Spark+Python set GC memory threshold

时间:2017-08-05 11:30:59

标签: python apache-spark memory garbage-collection

I'm trying to run a Python worker (PySpark app) which is using too much memory and my app is getting killed my YARN because of exceeding memory limits (I'm trying to lower memory usage in order to being able to spawn more workers).

I come from Java/Scala, so Python GC works similar than JVM in my head...

Is there a way to tell Python what's the amount of "available memory" it has? I mean, Java GCs when your heap size is almost-full. I want to perform the same operation on Python, so yarn doesn't kill my application because of using too much memory when that memory is garbage (I'm on Python3.3 and there are memory references @ my machine).

I've seen resource hard and soft limits, but no documentation say if GCs trigger on them or not. AFAIK nothing triggers GCs by memory usage, does any1 know a way to do so?

Thanks,

1 个答案:

答案 0 :(得分:1)

CPython (I assume this is the one you use) is significantly different compared to Java.
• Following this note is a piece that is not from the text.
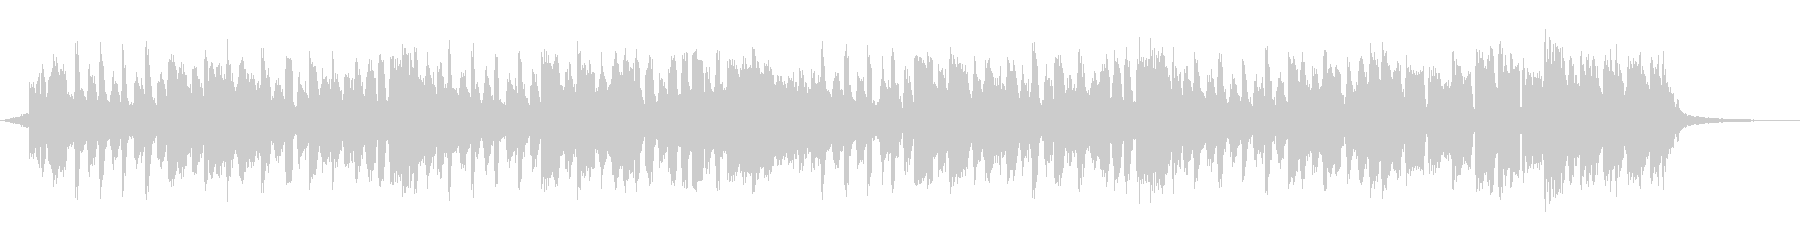 ハッピーバースデーの歌30秒の未再生の波形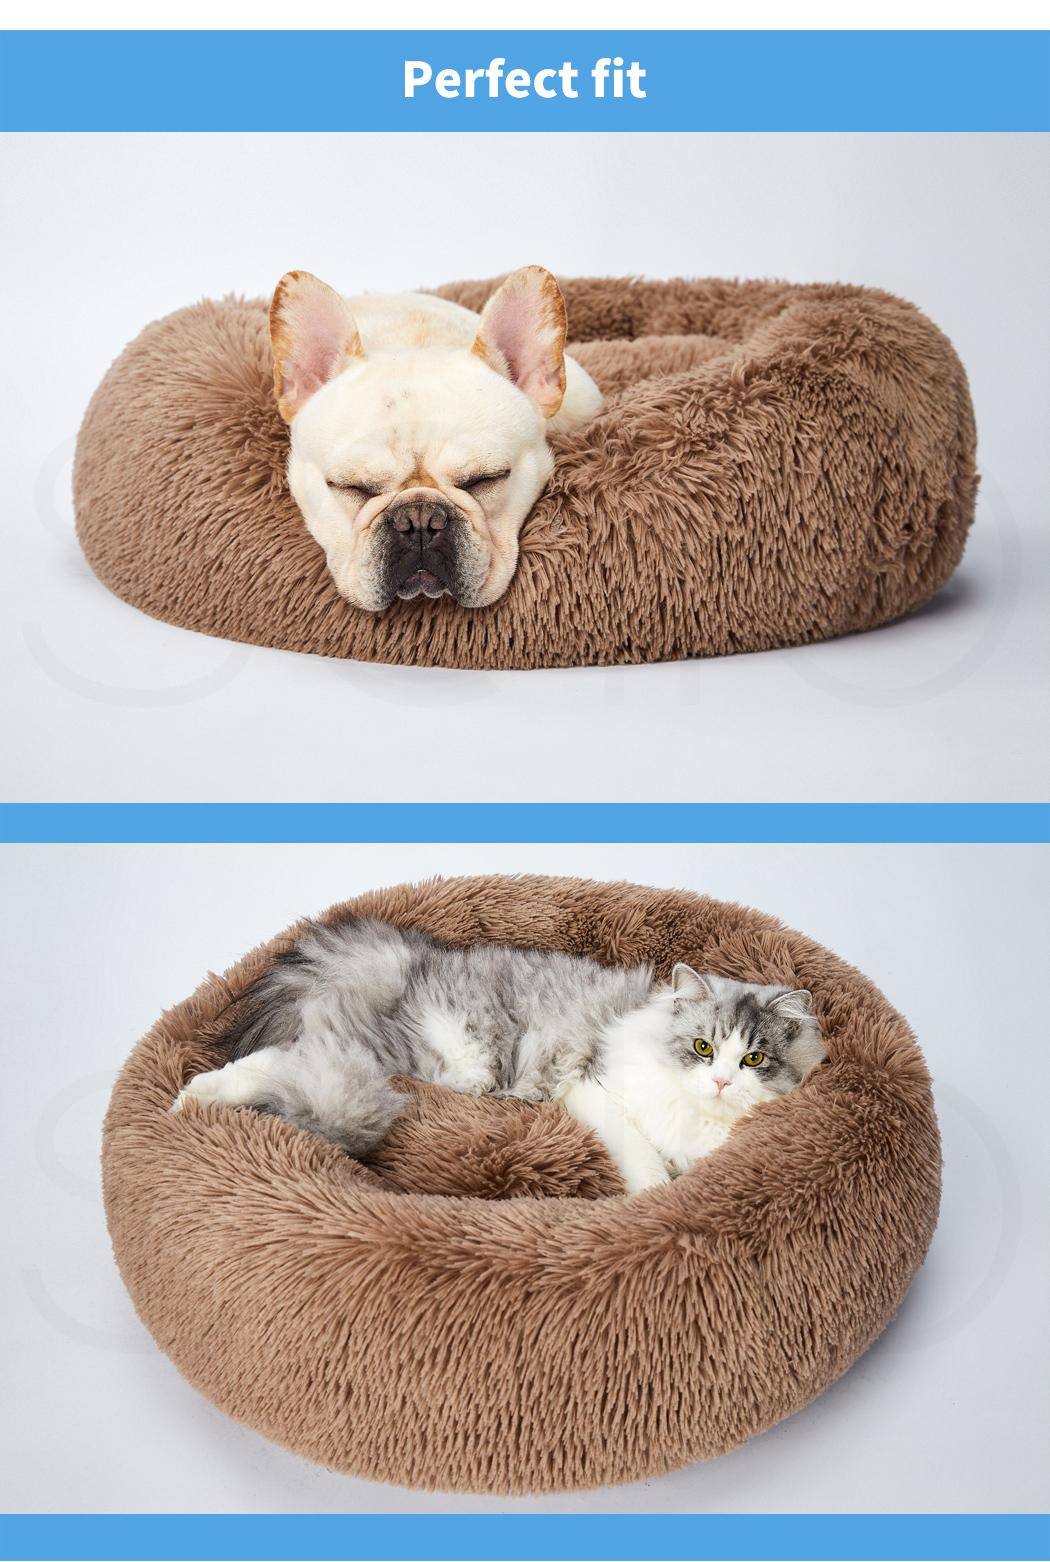 thumbnail 195 - PaWz Pet Bed Cat Dog Donut Nest Calming Mat Soft Plush Kennel Cave Deep Sleeping

The main garbage collecting method is reference counting. Unless you deal with circular references (IMHO it is not common in normal PySpark workflows) you won't need full GC sweeps at all (data related objects should be collected once data is spilled / pickled).

Spark is also known to kill idle Python workers, even if you enable reuse option, so quite often it skips GC completely.

You can control CPython garbage collecting behavior using set_threshold method:

gc.set_threshold(threshold0[, threshold1[, threshold2]]

or trigger GC sweep manually with collect:

gc.collect(generation=2)

but in my experience most of the GC problems in PySpark come from JVM part, not Python.